Should be read in conjunction with The Outsourcer’s View – An Interview with Unisys.

Introduction

The prize is great!! Across Europe there are hundreds of banks that collectively knit together to make up the European payment system. In its totality the European payments system is fundamentally inefficient. There is a very high degree of fragmentation of solutions and operation of what are commodity services, namely payments. The cost is difficult to assess but probably runs to billions of euros per annum. Much of this cost is caused by having to maintain and upgrade thousands of different software systems (hundreds of banks times tens of payment types).

We are not just talking about cross border payments, that is a payment from a person in one country to someone in another. We mean the provision of a small number of payments infrastructures to many banks in many countries. Even within a country cost savings can be made, however really major progress to cost eradication will require international economies of scale.

From the banks’ point of view there is a real opportunity to create extra profits from cost savings. From the European Commission’s point of view, market forces in banking services, combined with the cost savings would drive down transaction costs of European businesses and consumers. This would be a powerful catalyst for economic growth.

How can Cost Savings be Achieved?

The diagram below shows an abstract representation of a payment system. Click here for a more detailed explanation and how it relates to the UK payment systems (we do not talk about cash and cheque clearing systems in this article as the physical constraints of paper and cash movement limit the scope for cost reduction).

 

fig7-1-1

The main ways to see how to make inroads into the costs of the payment system are driven out of the following ideas:

  • For a given payment type, Routing and Sorting functions can be rationalised from a country to international level (i.e. going from 20-30 such hubs in Europe to one or two).
  • Bank functions that are specific to payment processing (e.g. payments error correction, authorising payments) can be rationalised within countries.
  • Bank functions that are specific to payment processing can be rationalised across borders.

The mechanisms for reducing the duplication (and hence reducing the inefficiencies) of functions would be either:

  • More common software components and platforms
  • Greater outsourcing and joint ventures so as to share the human resources and software platform costs.

We present two examples of how this might work in practice; click on the headings of interest below.

The main message is that cost savings are achievable and that the approach and speed will depend on payment type.

The Need for Standards

What also becomes clear in the examples is a need for standards development and adoption. Standards would allow banks more freedom to “unplug” software and operations from their current setup and outsource them or replace them with more industry standard software applications. (The cost savings are not wholly dependent on standards but are hugely accelerated because an outsourcer can generate economies of scale much more easily from use of shared platforms.)

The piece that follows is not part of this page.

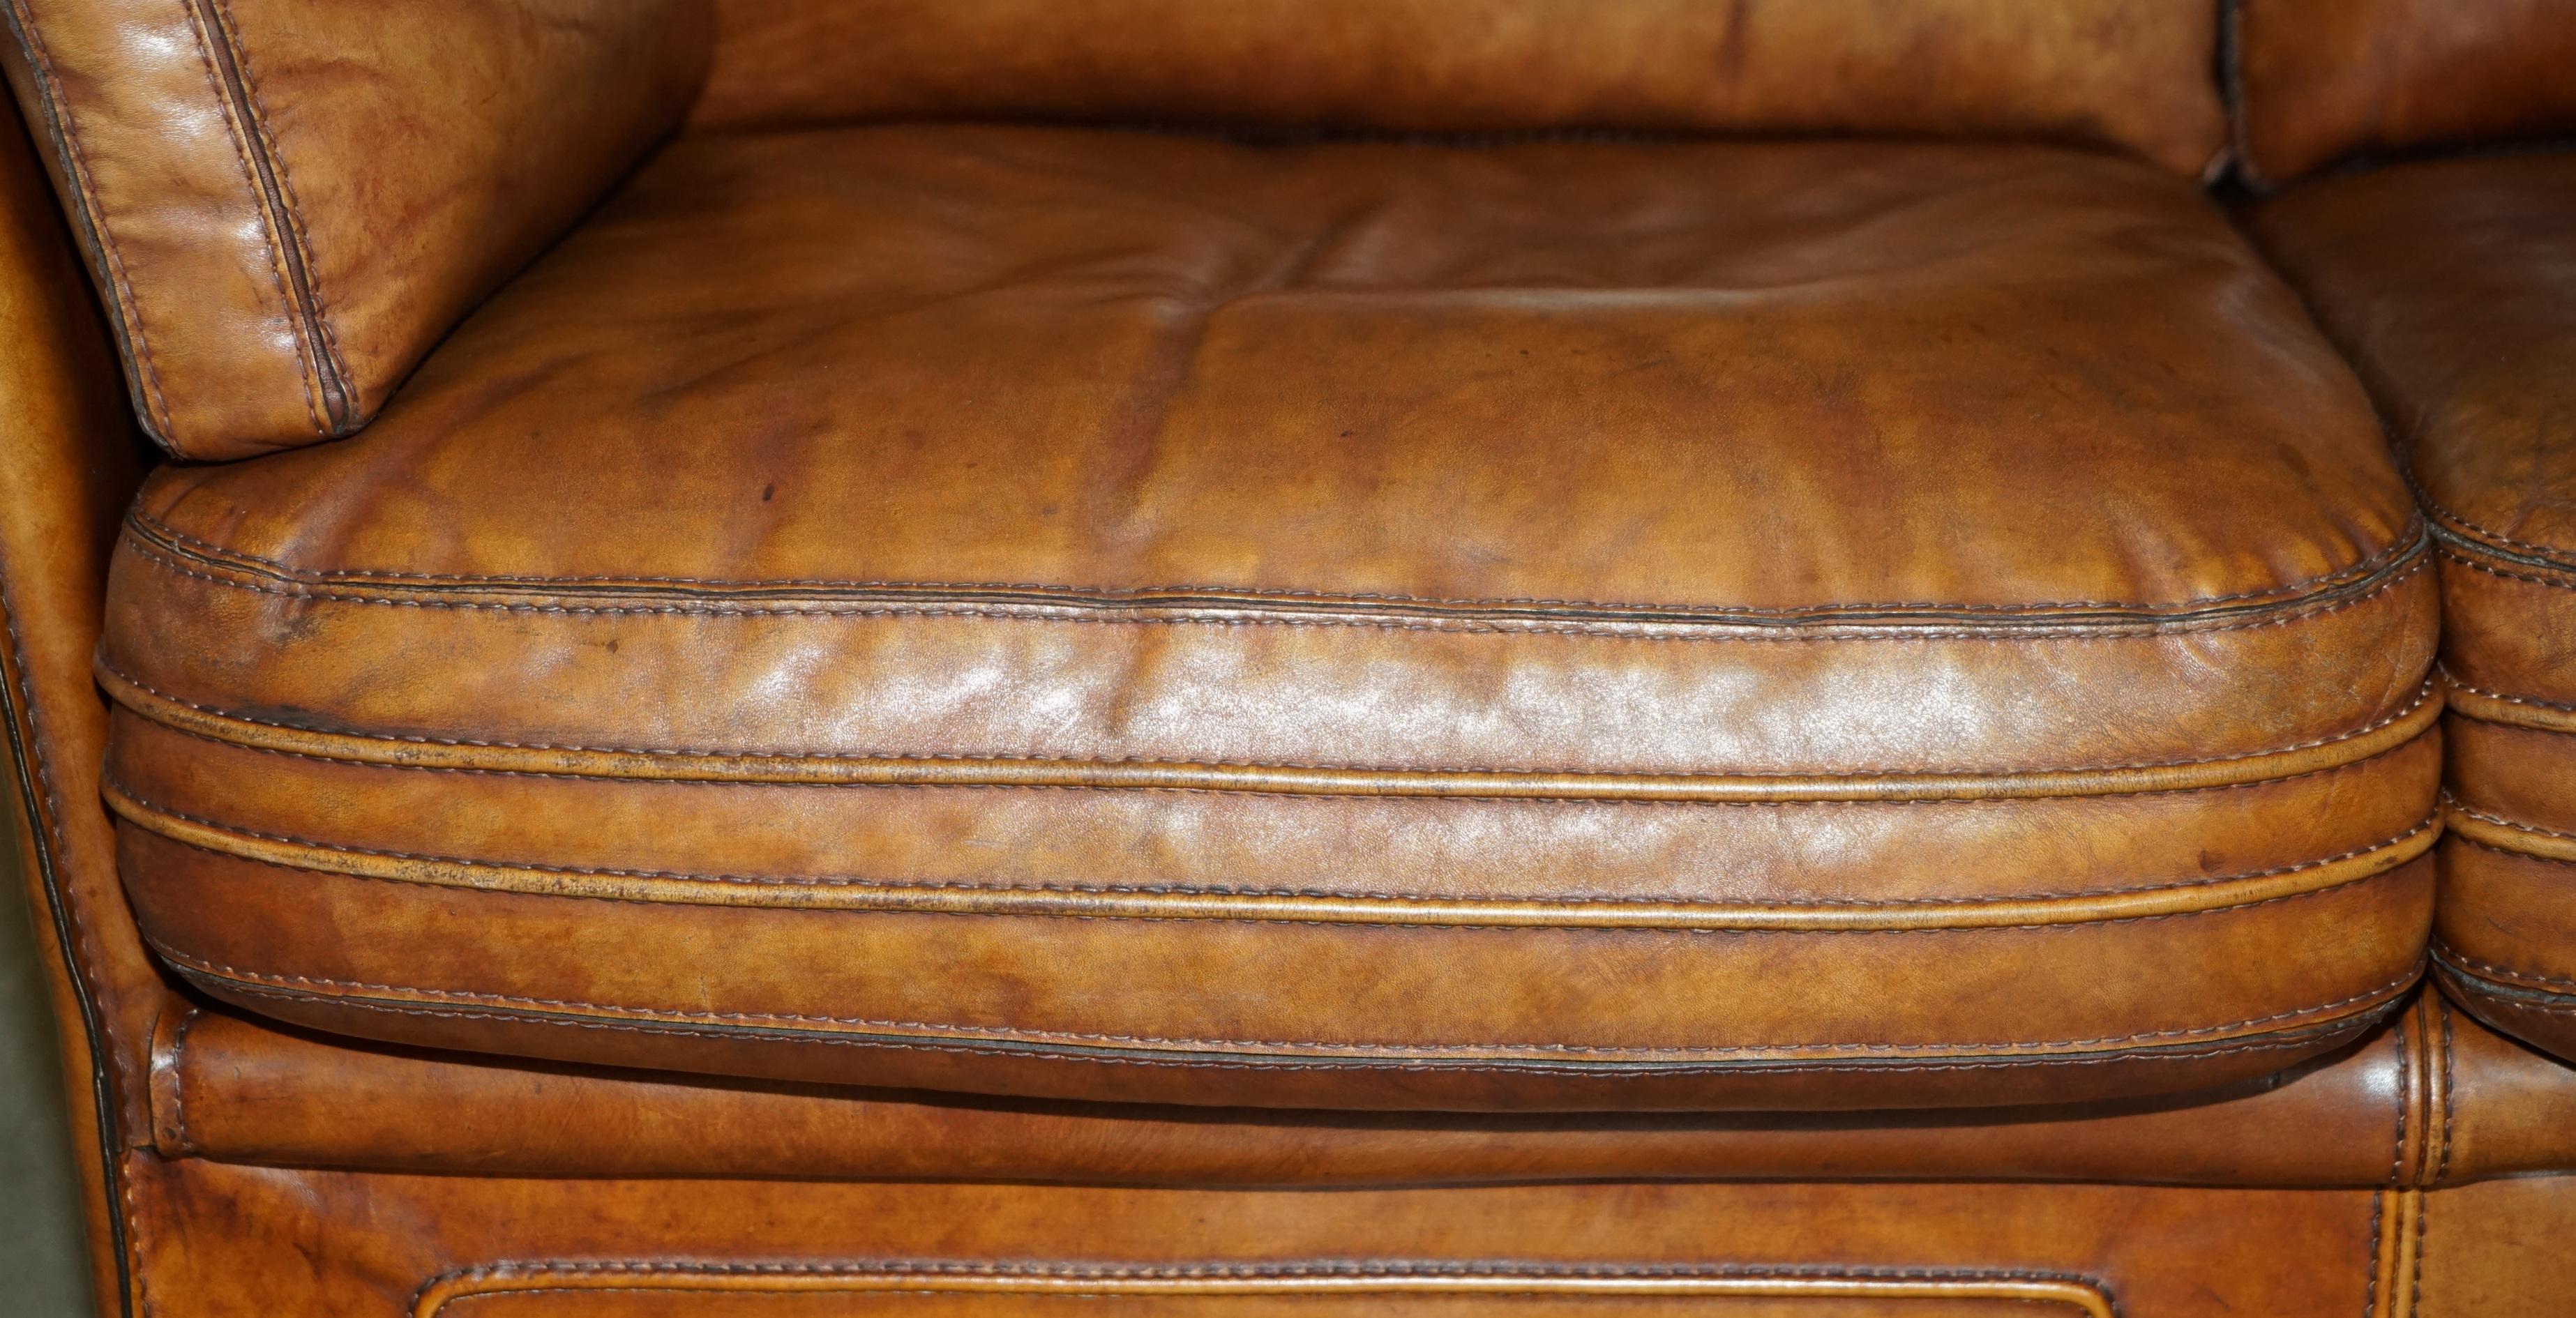 ViNTAGE BROWN LEATHER ROCHE BOBOIS MID CENTURY MODERN CONTEMPORARY SOFA For Sale 1

The crucial standards appear to be:

  • A standard, at least at a national level, preferably at an international level, on a payment instruction produced by a Payment Interface point. Right now these vary between banks in one country and across countries (and frequently within a bank).
  • A standard at an international level between banks for interbank payments. Every country has such a standard but for most payment types they are different from one country to the next.
  • A standard for legal rights associated with payment types.

The Role of the European Commission

Banks will naturally, over very long periods of time evolve the payments systems to adopt standards so as to facilitate cost savings. The problem with this natural evolution is that it is desperately slow, because:

  • Within countries, most payment types are regulated by a banking industry body that usually goes at the speed of the slowest member bank. Since at any moment in time one or more banks have a more urgent priority (e.g. a merger) than collective schemes to save money, they tend to move very slowly.
  • International vehicles for interbank payments standard setting are generally even weaker.

There is a clear role for the EC to provide some leadership and drive here. The banks would probably be grateful for some unilateral standard setting in this area, given the inherent difficulties of multilateral agreements of standards by banks and/or country based banking associations. This is particularly true for the payments infrastructures which are underpinned by different legal rights and responsibilities in different countries, for example the legal rights of payment cancellation and their periods of effectiveness are different in different countries. Indeed, the legal implications probably mean it is impossible to achieve European scale payment efficiencies without legal standards produced by the EC.